- Task prompt -
Reproduce exactly, and only, the lines below from the one containing "Pantalón Ultimate Modular" through the one containing "Τμήμα Θωρακοχειρουργικής, Brigham".

- Working data -

+===+

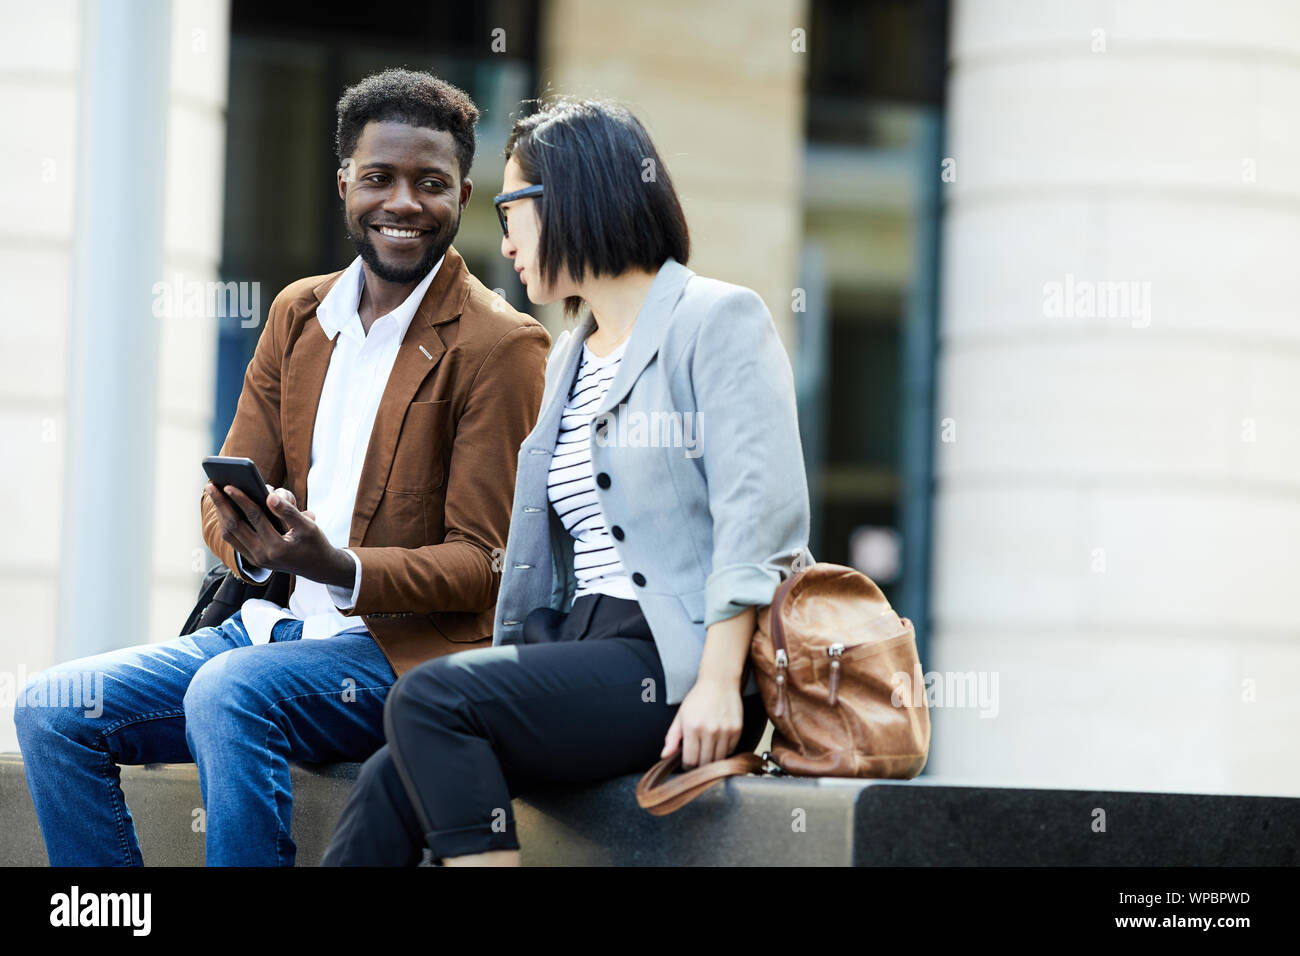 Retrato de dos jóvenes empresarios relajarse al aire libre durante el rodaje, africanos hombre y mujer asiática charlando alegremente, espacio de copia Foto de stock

+===+

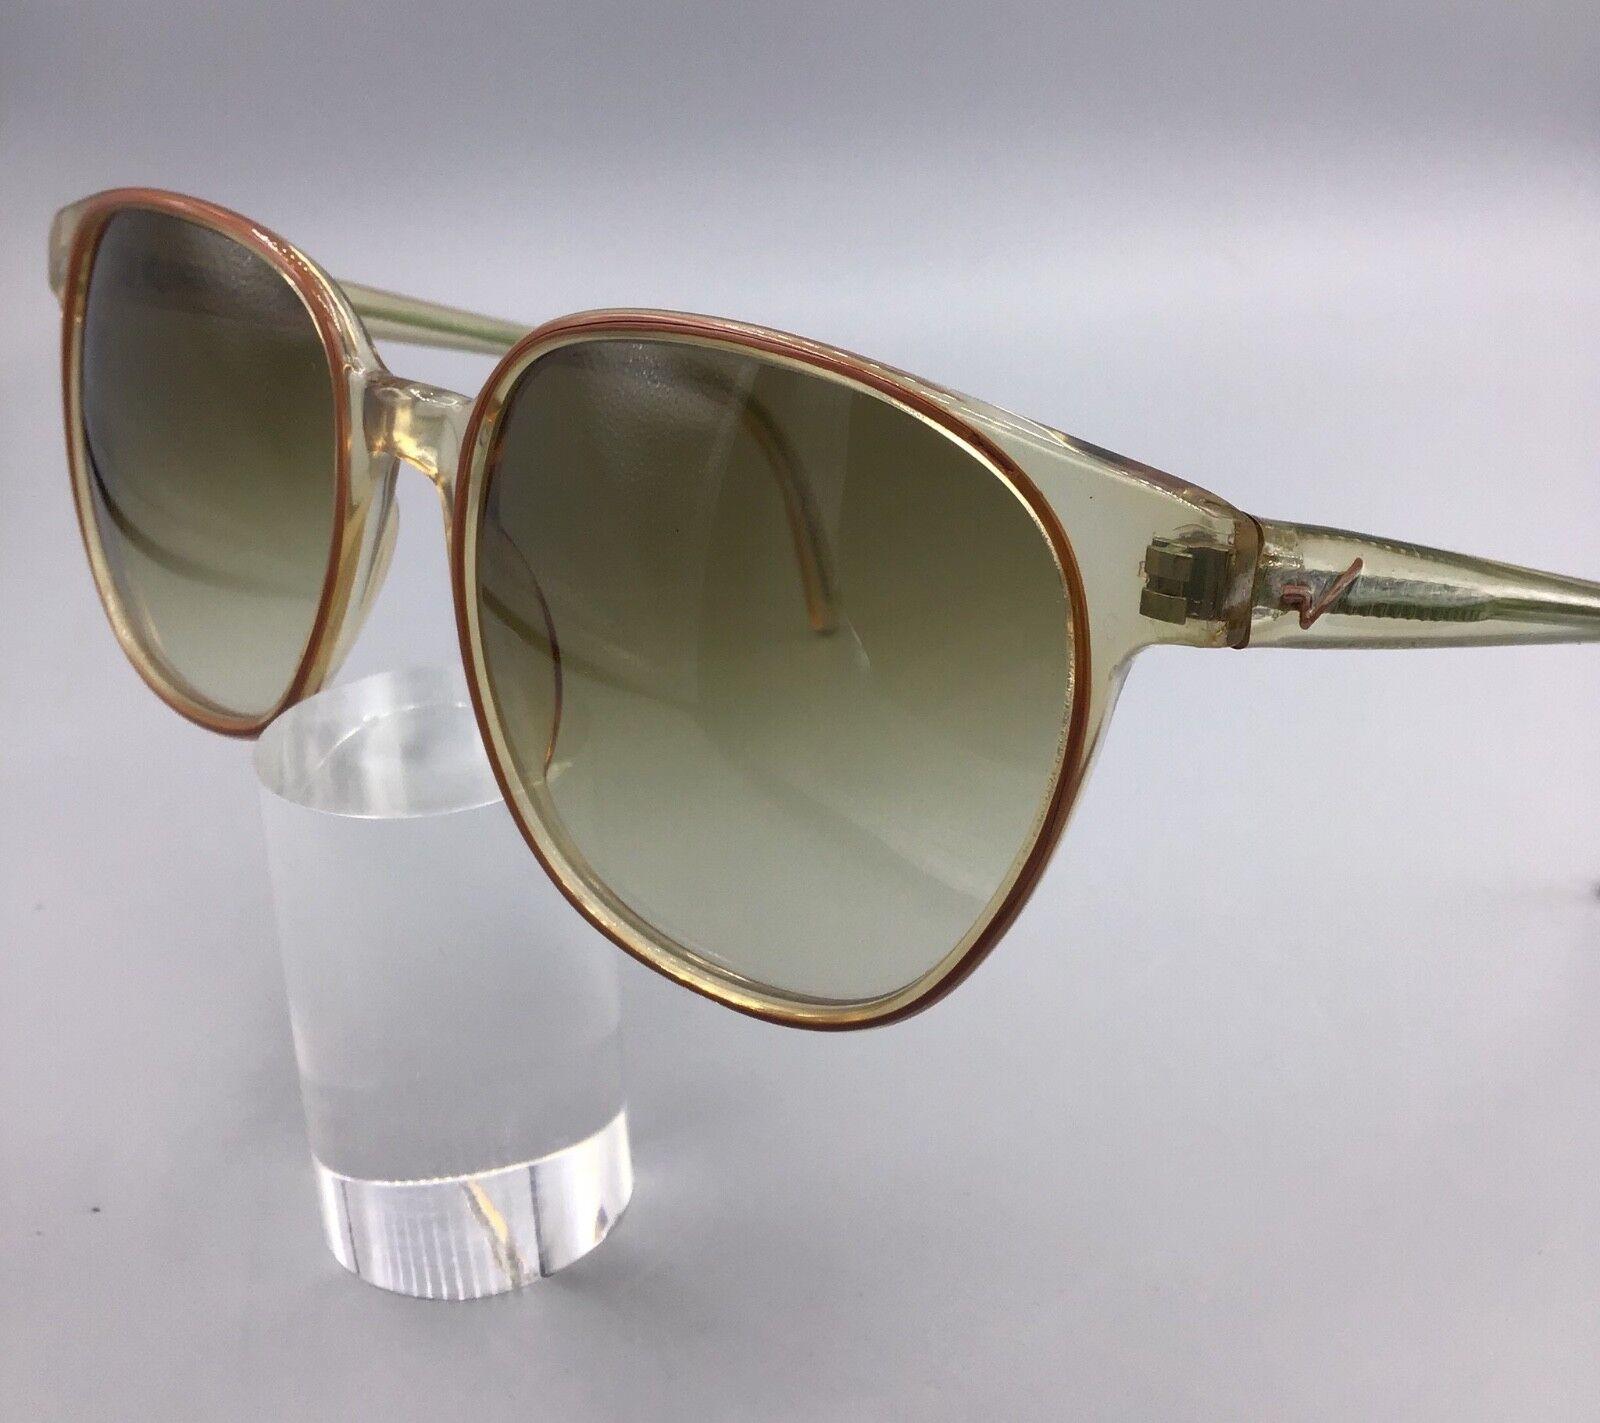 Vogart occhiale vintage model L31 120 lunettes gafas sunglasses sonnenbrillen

+===+

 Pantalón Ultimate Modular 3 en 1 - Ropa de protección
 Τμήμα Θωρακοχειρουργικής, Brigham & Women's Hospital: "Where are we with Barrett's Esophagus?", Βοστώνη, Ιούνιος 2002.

+===+

- Solution -
 Pantalón Ultimate Modular 3 en 1 - Ropa de protección
 Τμήμα Θωρακοχειρουργικής, Brigham & Women's Hospital: "Where are we with Barrett's Esophagus?", Βοστώνη, Ιούνιος 2002.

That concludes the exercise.